The second section was about the university status (questions 19–21)

Both sets 1 and 2 were composed of well-established questions, similar to other published studies [16].

The third and most significant set of questions (questions 22–42) assessed the levels of anxiety, stress, and depression, as well as their physical manifestations, through the DASS21 [16,19].

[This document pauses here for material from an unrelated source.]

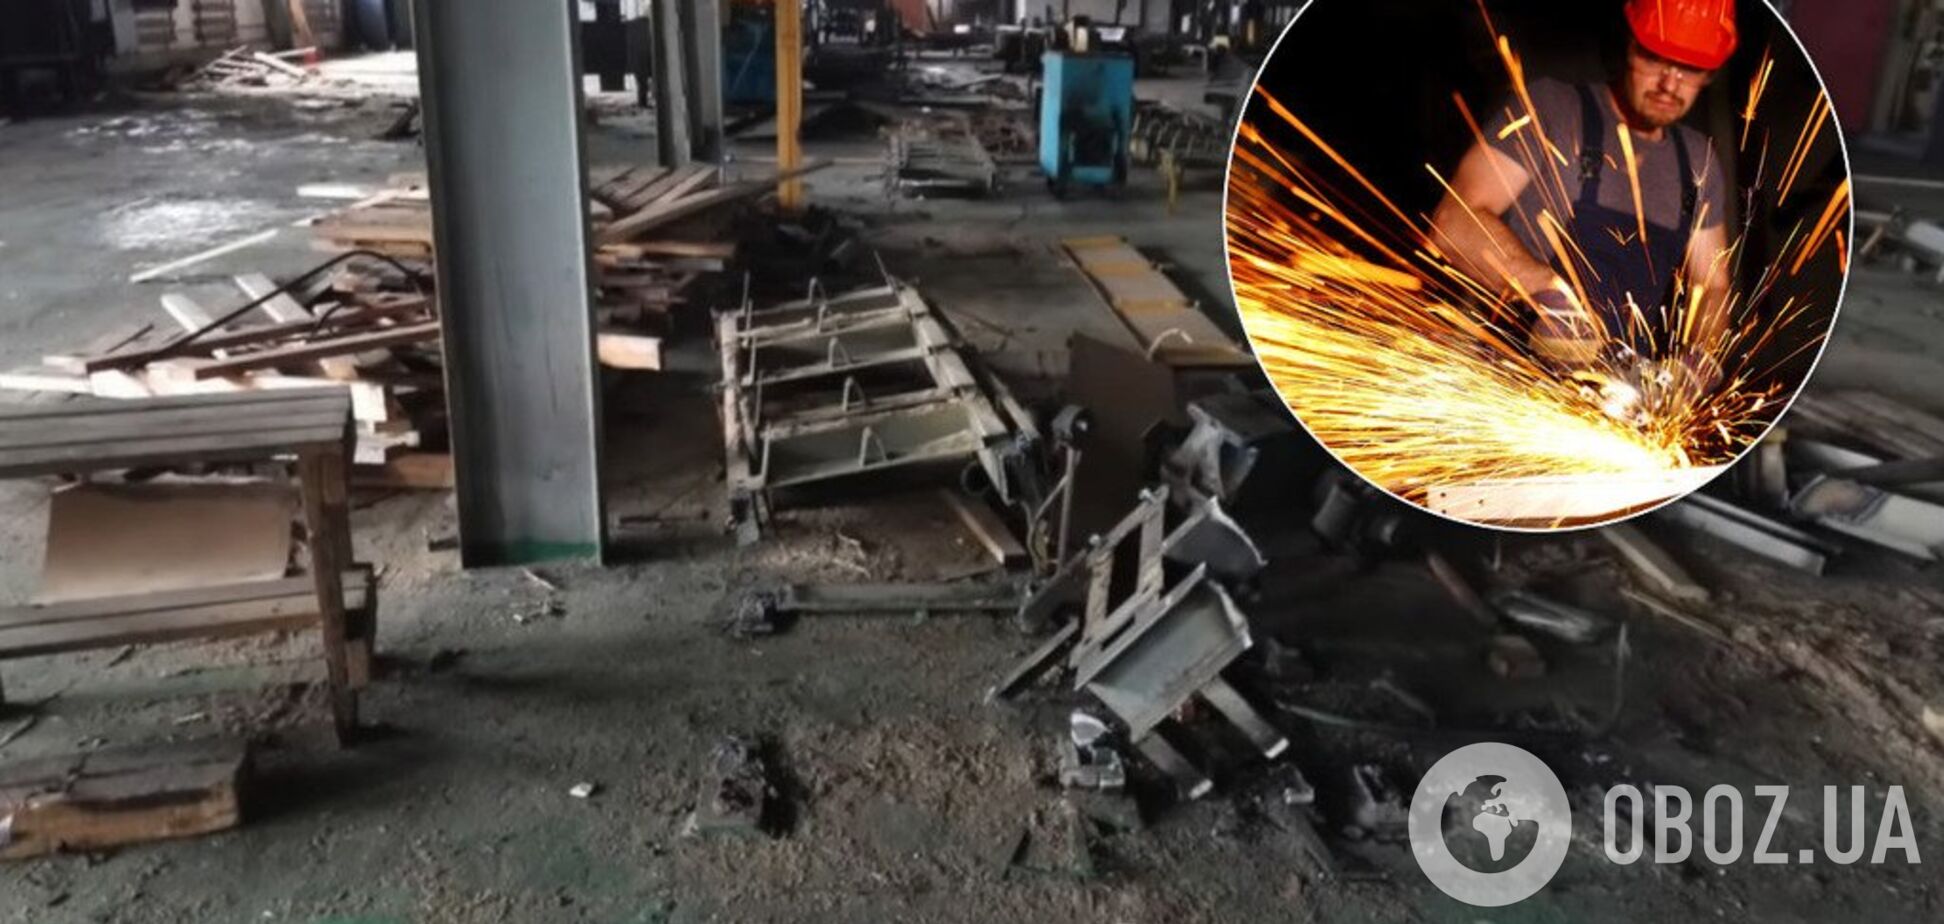 Распад, деградация и разруха: блогер показал руины завода на Донбассе
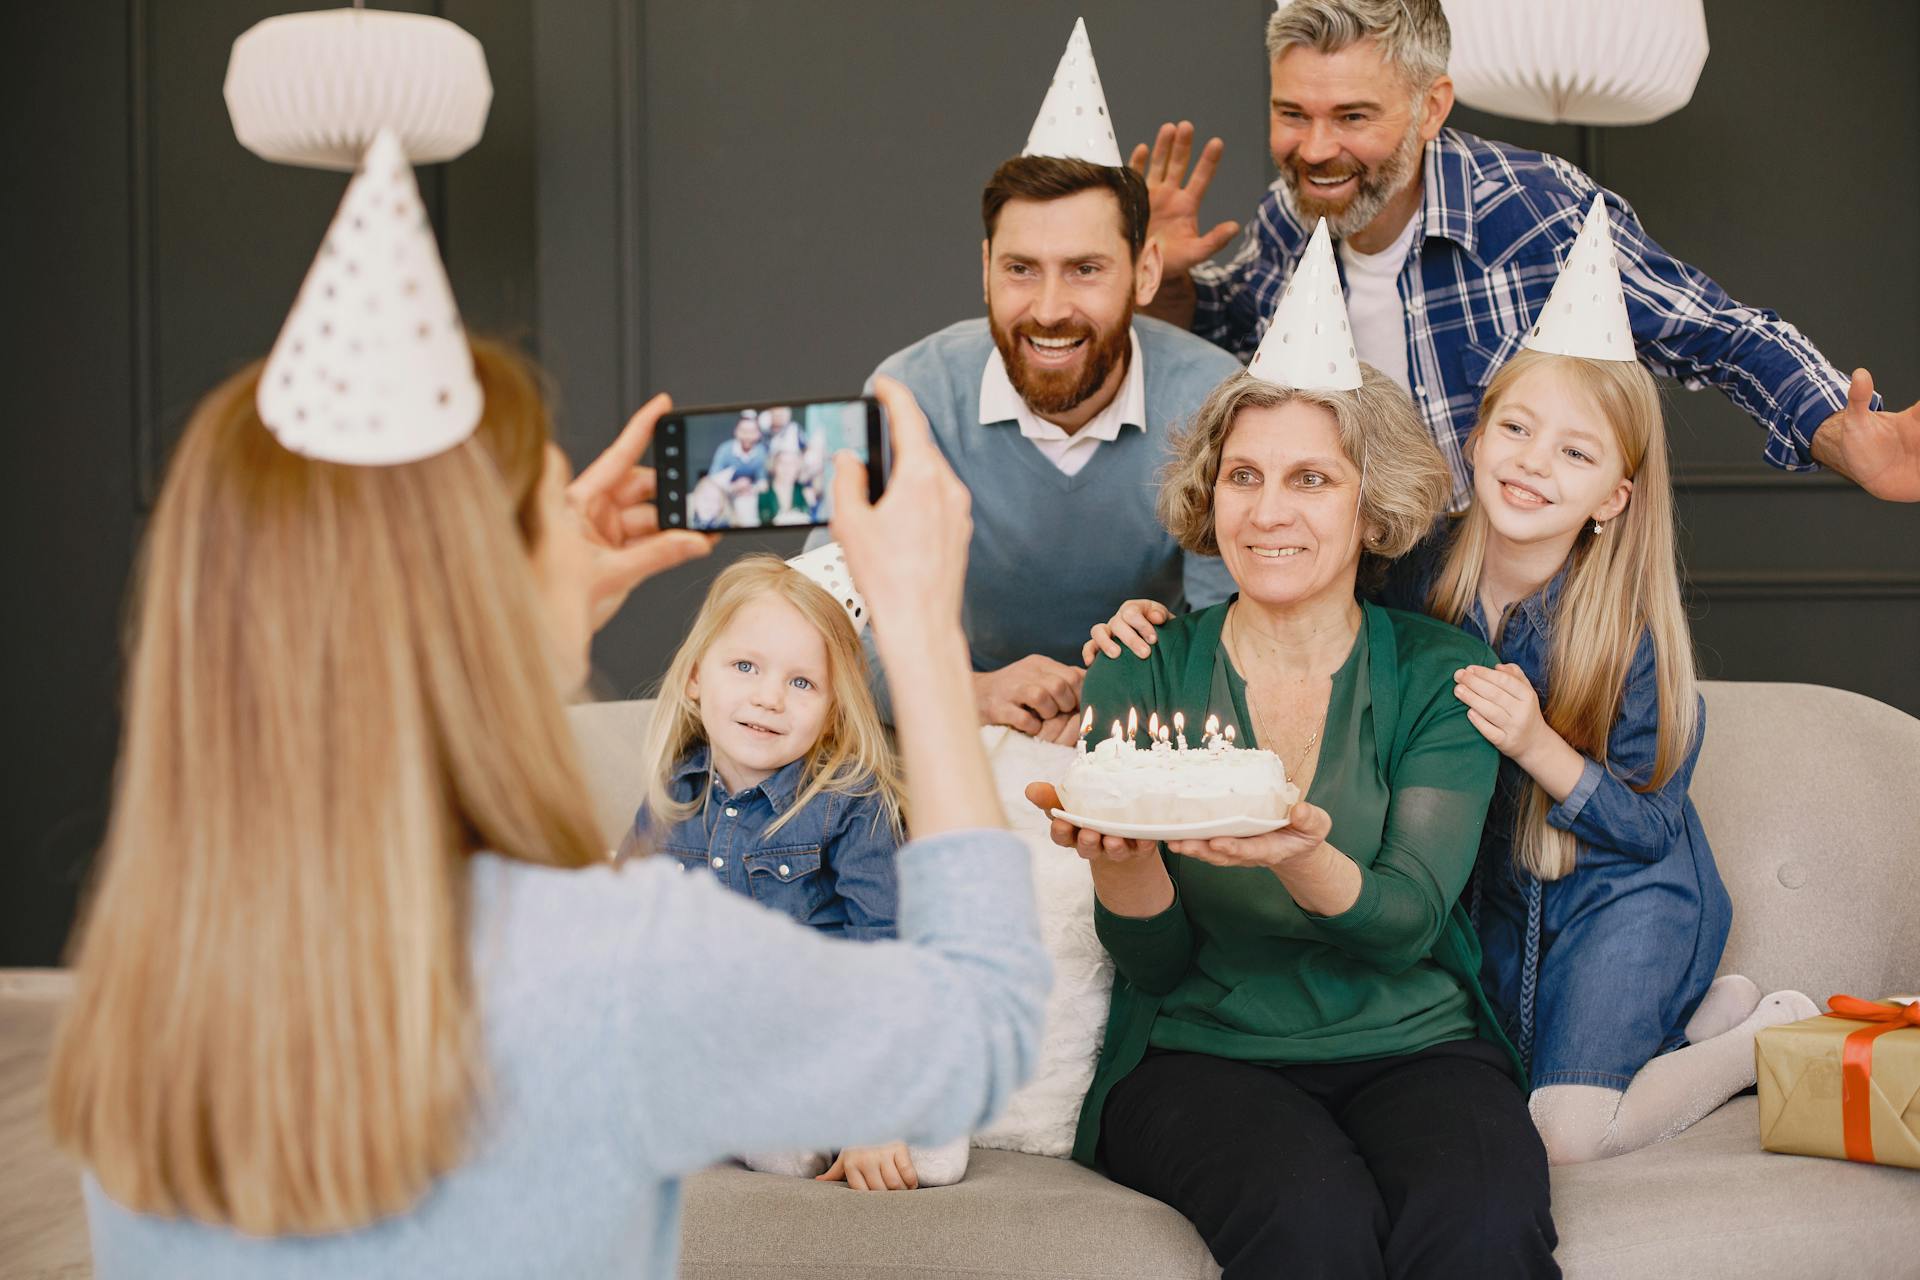 Mujer fotografiando a su familia en un cumpleaños | Fuente: Pexels

The DASS21 (Depression, Anxiety, and Stress Scale) was introduced in 1995 by Lovibond and Lovibond [21]. It consists of three self-report scales designed for screening of depression, anxiety, and stress [16,19]. In 1998, a final version of the DASS that consisted of 21-item (DASS21) was described [22]. Each of the three DASS21 scales contain seven elements, divided into subscales with similar content. The Depression Scale assesses discomfort, despair, life devaluation, self-devaluation, lack of interest/engagement, and inaction. The stress scale assesses autonomic arousal, signs of stress through skeletal muscle movements, stress-induced anxiety, and the subjective experience of anxiety. The stress scale is sensitive to chronic non-specific stimulation. This scale evaluates the difficulty of relaxation, nervous agitation and upset/agitation, the case of an irritable/hyper-reactive characters, and impatience. Scores for depression, anxiety, and stress are calculated by summing the scores for the relevant data [21,22]. The DASS21 rating scale is used internationally to assess stress, anxiety, and depression levels. It is a recognized and accepted tool by psychologists and psychiatrists with a very good internal consistency [22]. It is, therefore, a valid Likert-4 scale (0. Not at all, 1. A little, 2. much, 3. Too much), which calculates the negative emotional states experienced by the participants during the period of time that the survey is available. The Greek version of the DASS-21 scale, based on Greek sources and official translations, was described by Lyrakos et al. [23]. This particular version was used in this survey. The results can be either normal, mild, moderate, severe, or extremely severe. For stress, a normal score is 0–7, 8–9 for mild stress, 10–12 for moderate, 13–16 for severe, and above 17 for extreme severe stress [21]. Similarly, 0–3 is the normal score for anxiety, 4–5 is the prevalence of the mild anxiety, 6–7 moderate, 8–9 severe and above 10 is the extreme severe anxiety [21]. Finally, a score of 0–4 is normal for depression, 5–6 is mild, 7–10 is moderate, 11–13 is severe, and above 14 is the score for extreme severe depression [21]. The scores for depression, anxiety, and stress are calculated by summing the scores for the relevant items [21].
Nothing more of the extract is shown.